Codons and anticodon-carrying \trna[s] form the biochemical interface between
the genetic code and the amino acid sequence of proteins during \mrna
translation. I investigated this correspondence between \mrna-driven codon
demand and \trna anticodon supply by looking at the correlation between a
codon’s frequency in the \mrna transcriptome as a fraction of the overall codon
count \(c_{xy}'\), and its matching \trna anticodon isoacceptor abundance
\(a_{xy}'\) at the same developmental stage \(y\)

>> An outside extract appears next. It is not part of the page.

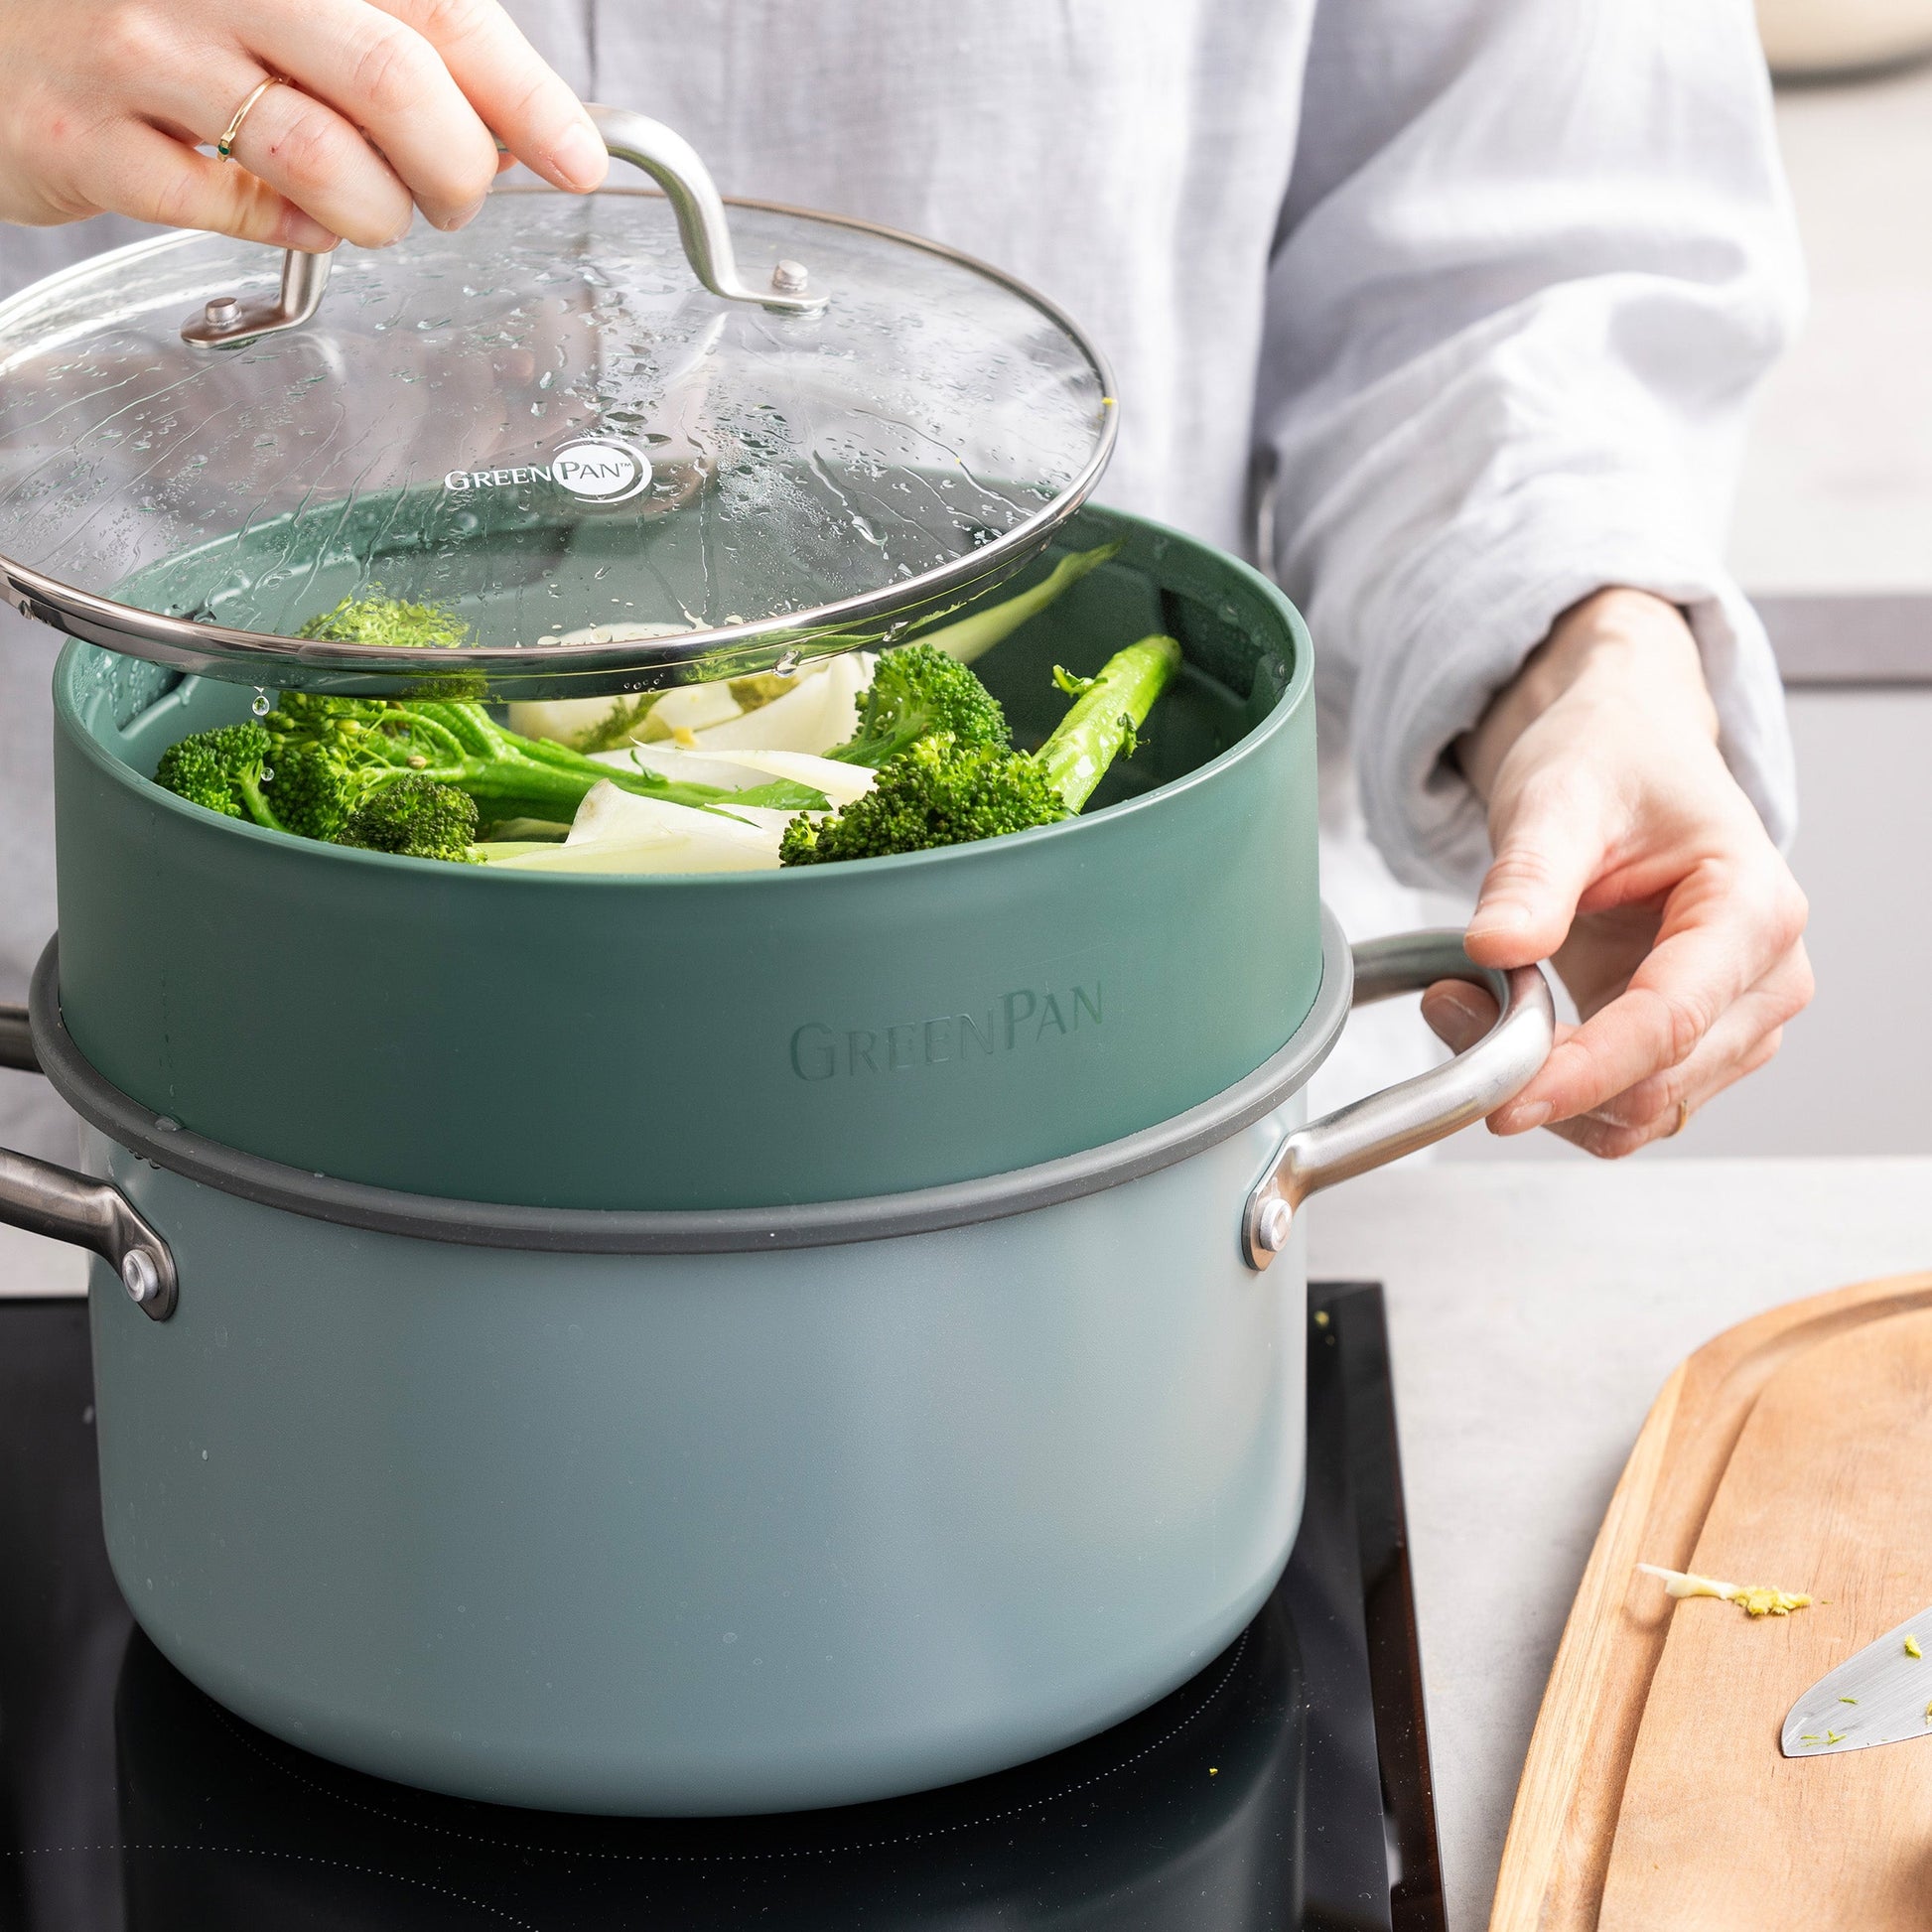 Steamy Groen 24cm met groenten in kookpot

(\cref{fig:codon-anticodon-abundance} bottom left):
\begin{align}
c_{xy}' &= \frac{c_{xy}}{\sum_k c_{ky}}\\
a_{xy}' &= \frac{a_{xy}}{\sum_k a_{ky}}
\end{align}
To compare how well the anticodon supply of a given transcriptome was adapted to
its codon demand, I initially calculated the Spearman rank correlation between
the codon usage and the anticodon isoacceptor abundance. However, since not all
codons have a corresponding anticodon-carrying \trna, unmatched “orphan” triplet
codons were discarded from the calculation. Consequently, the correlation
coefficients I calculated ignore the possibility of wobble base pairing.

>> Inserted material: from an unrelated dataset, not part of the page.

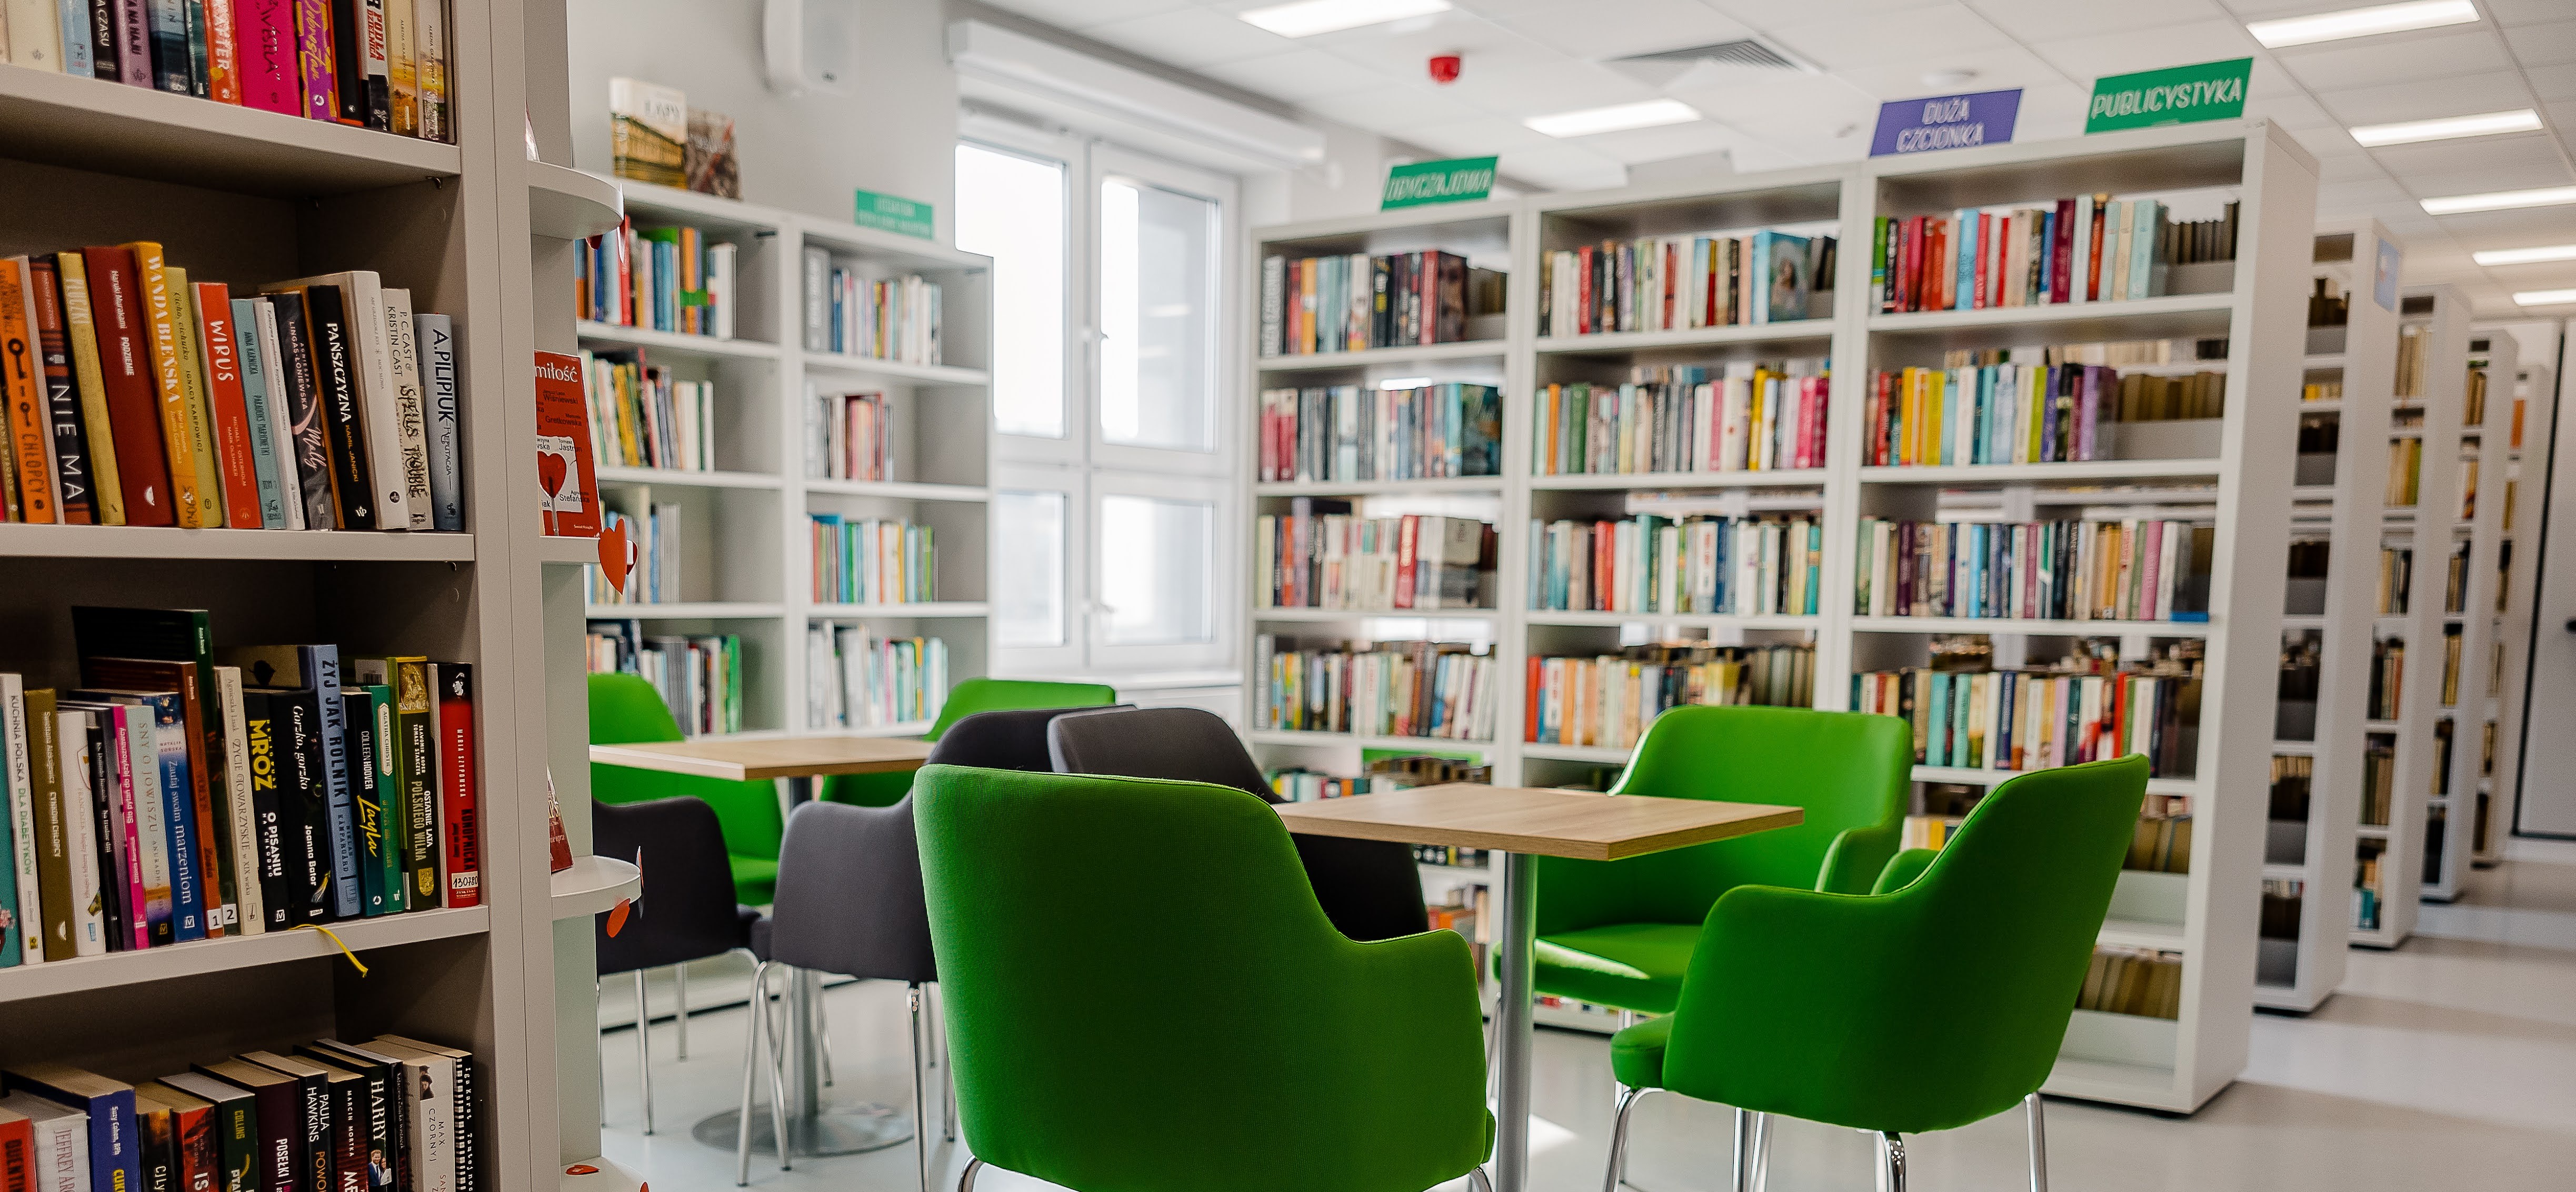 Zielone krzesła w pomieszczeniu wypełnionym półkami z książkami

It is possible to account for wobble base pairing in several different ways
(reviewed in \citet{Gingold:2011}). In particular, \citet{Dos_Reis:2003}
describe the \tai, which takes into account the possible wobble base pairings
when calculating the fit between codon usage and \trna gene copy number. For my
analysis, rather than accounting for all possible base pairings, I opted for a
simplified version where only unmatched codons were treated differently, and all
other codons were matched directly to their corresponding anticodons, as
described above.
Orphan codons were matched to all anticodons that they recognise via wobble base
pairing, by distributing the \trna abundance of these \trna genes between all
matched codons; abundant codons received proportionally more of the anticodon
abundance. More precisely, let \(x\) be an orphan codon and
\(\operatorname{wobble}(x)\) the anticodons that match \(x\) via wobble base
pairing. We then adjust the abundance for each \(x' \in
\operatorname{wobble}(x)\) according to the following rule:
\begin{equation}
a_{x'y}'' = \left(\sum_{k \in \operatorname{wobble}(x)} a_{ky}'\right) \cdot
\frac{c_{x'y}'}{\sum_{k \in \operatorname{wobble}(x)} c_{ky}} \text{\ .}
\end{equation}
In other words, we pool the frequency of anticodons that wobble base pair with
orphan codons, and let each contribute a fraction proportional to its (directly
matching) codon frequency. For those anticodons \(x\) which do not wobble base
pair to orphan codons, we set \(a_{xy}'' = a_{xy}'\).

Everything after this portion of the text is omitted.